■ What the task requires
Copy out exactly the stretch below, from the line with "2bb8505c8505e6 Swarovski crystal" through the line with "Clínica dental en", both included; the pictures stay out.

■ Data to use
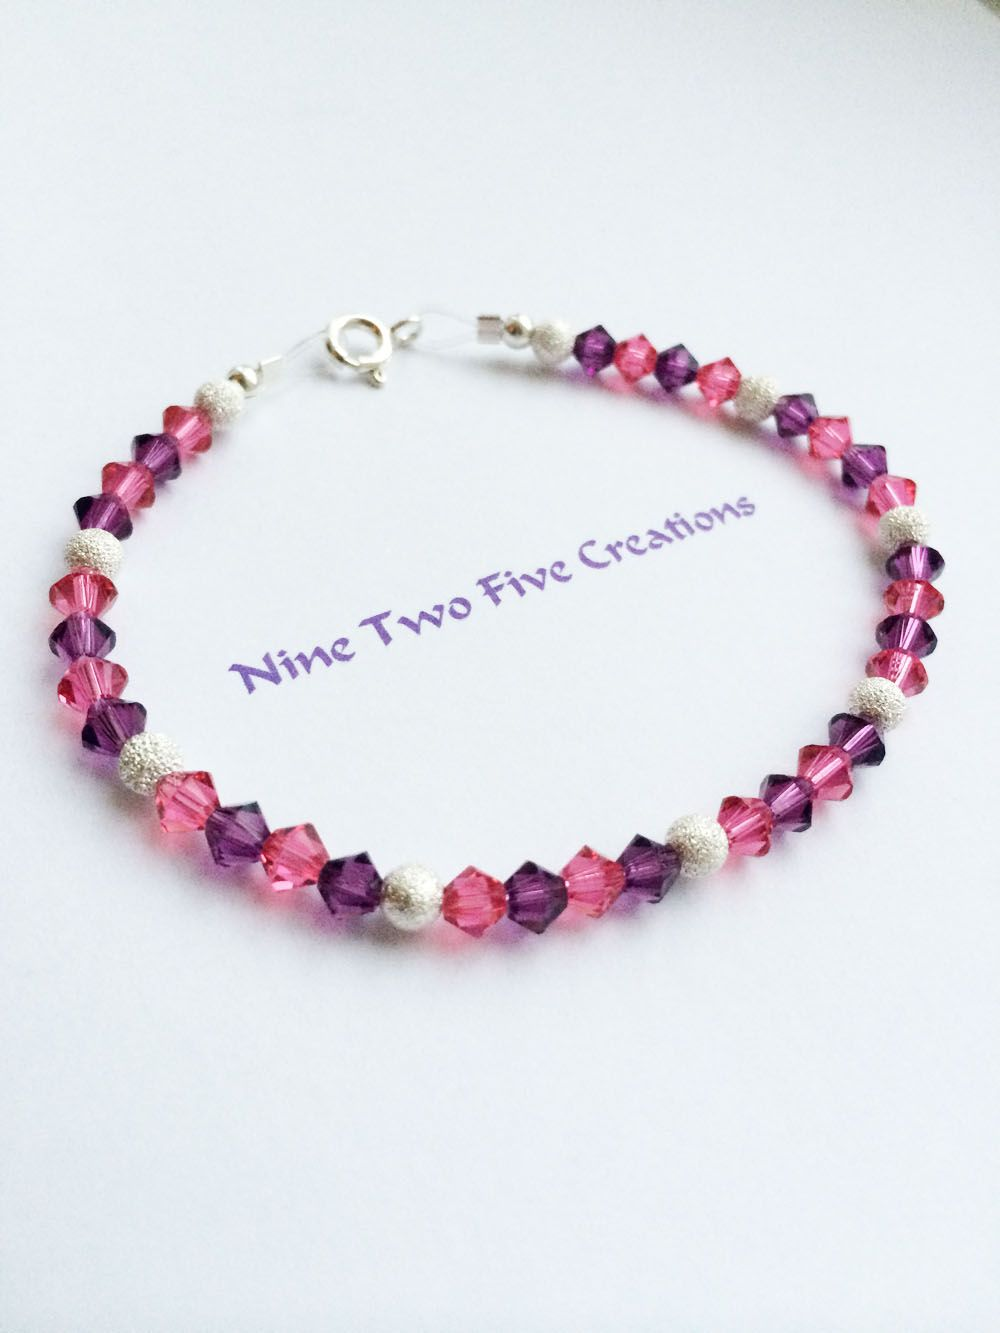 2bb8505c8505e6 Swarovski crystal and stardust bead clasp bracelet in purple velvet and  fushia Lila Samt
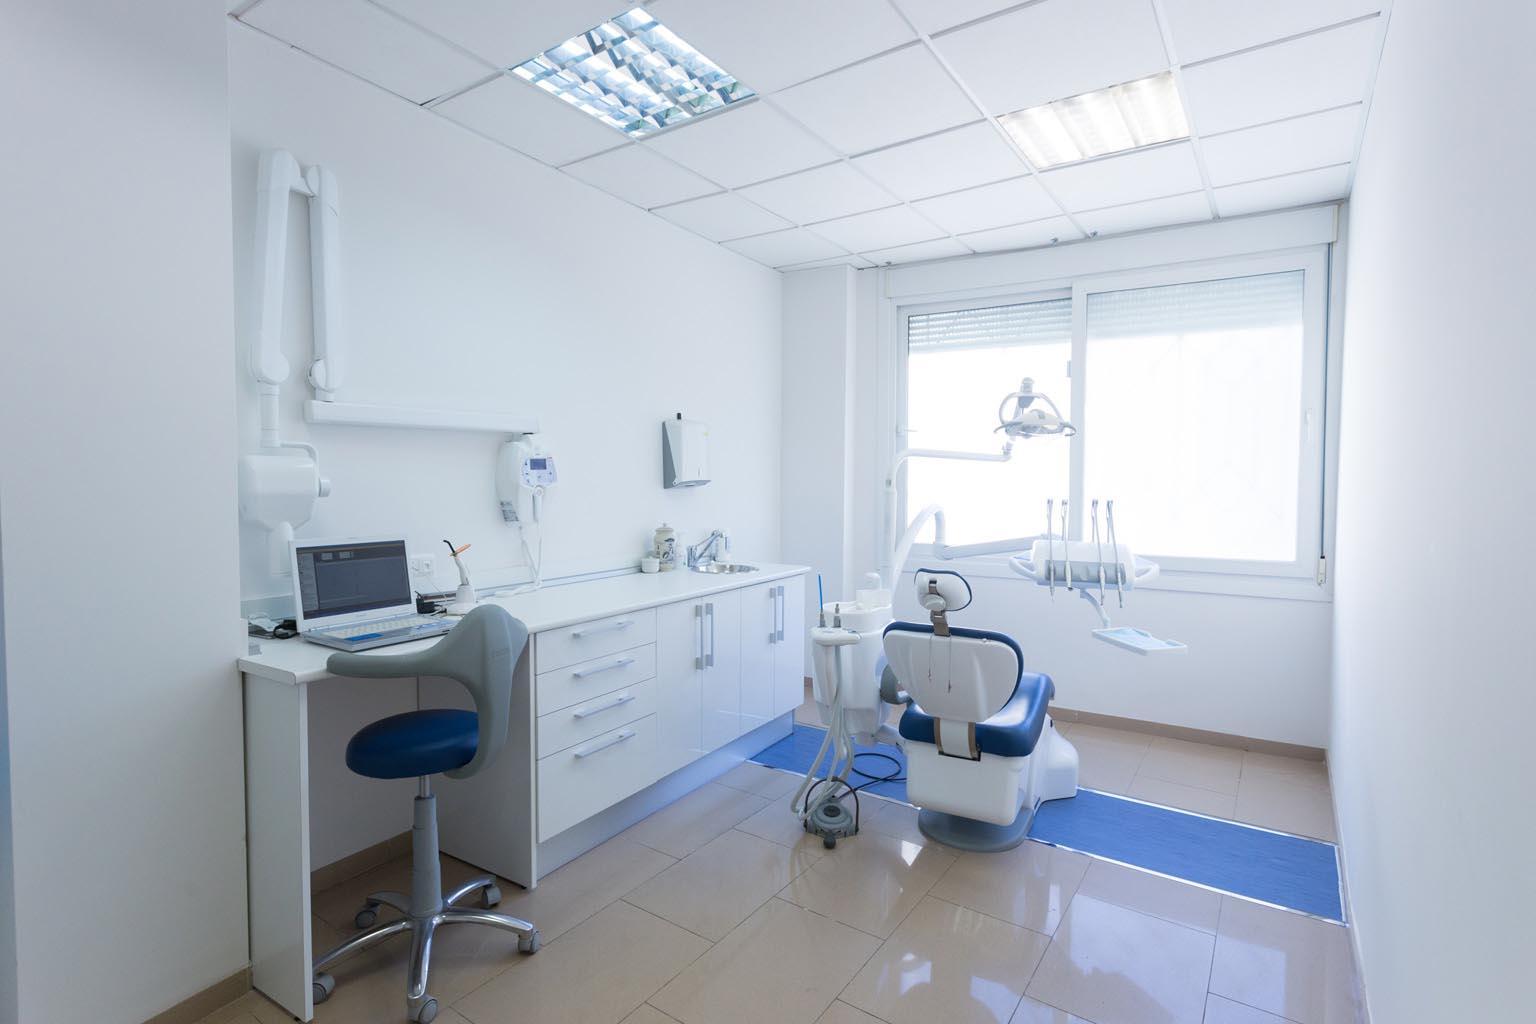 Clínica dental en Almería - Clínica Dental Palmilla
==
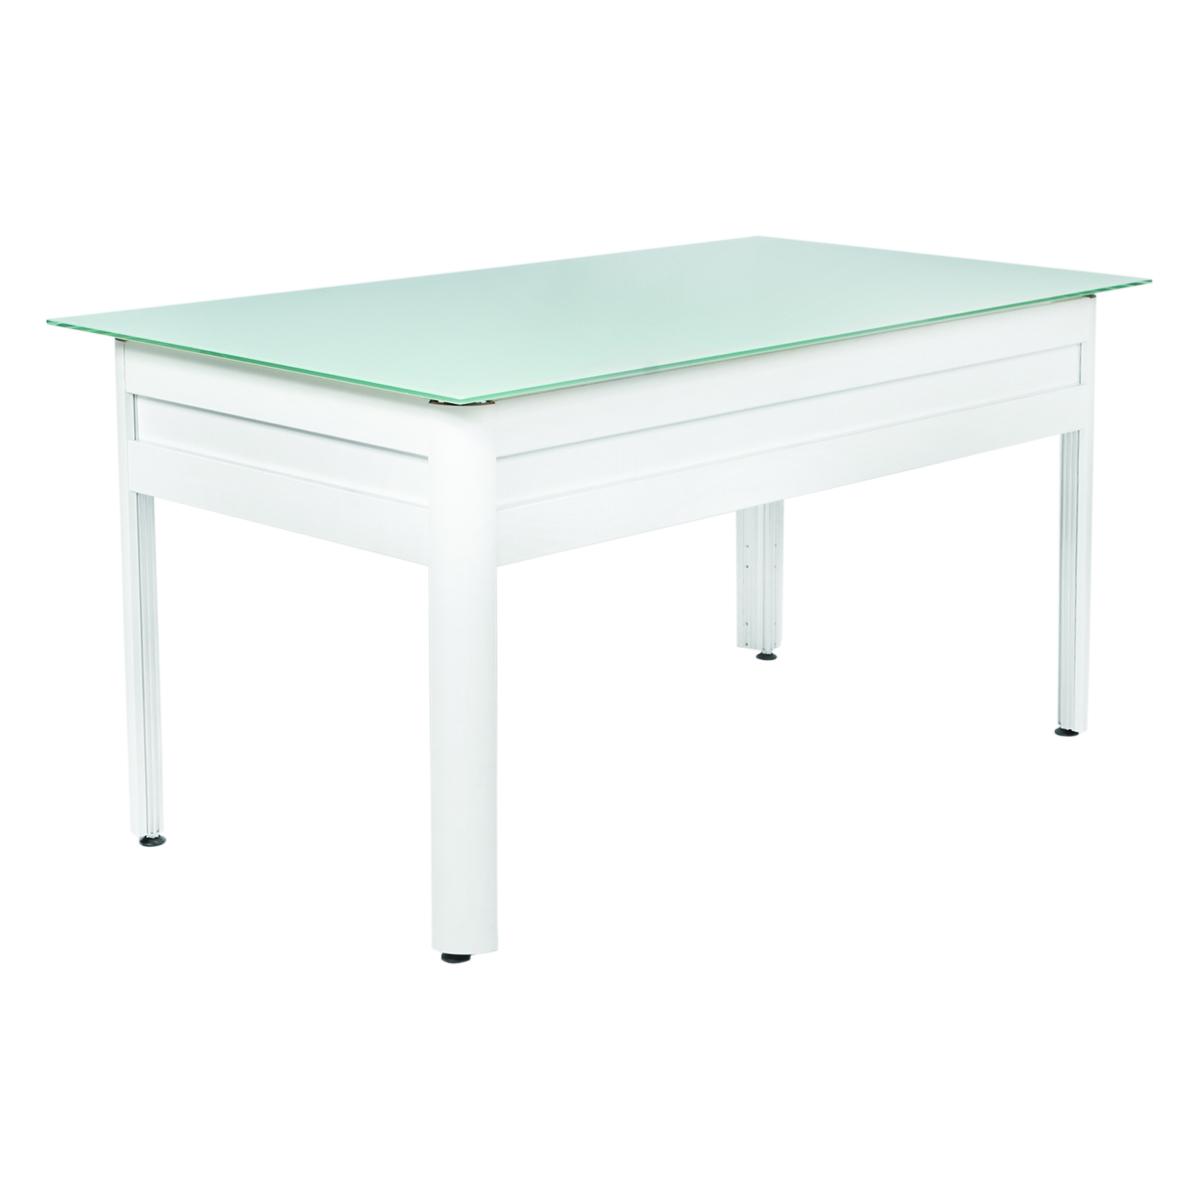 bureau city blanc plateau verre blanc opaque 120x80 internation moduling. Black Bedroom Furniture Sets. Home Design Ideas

■ Result of this exercise
 2bb8505c8505e6 Swarovski crystal and stardust bead clasp bracelet in purple velvet and  fushia Lila Samt
 Clínica dental en Almería - Clínica Dental Palmilla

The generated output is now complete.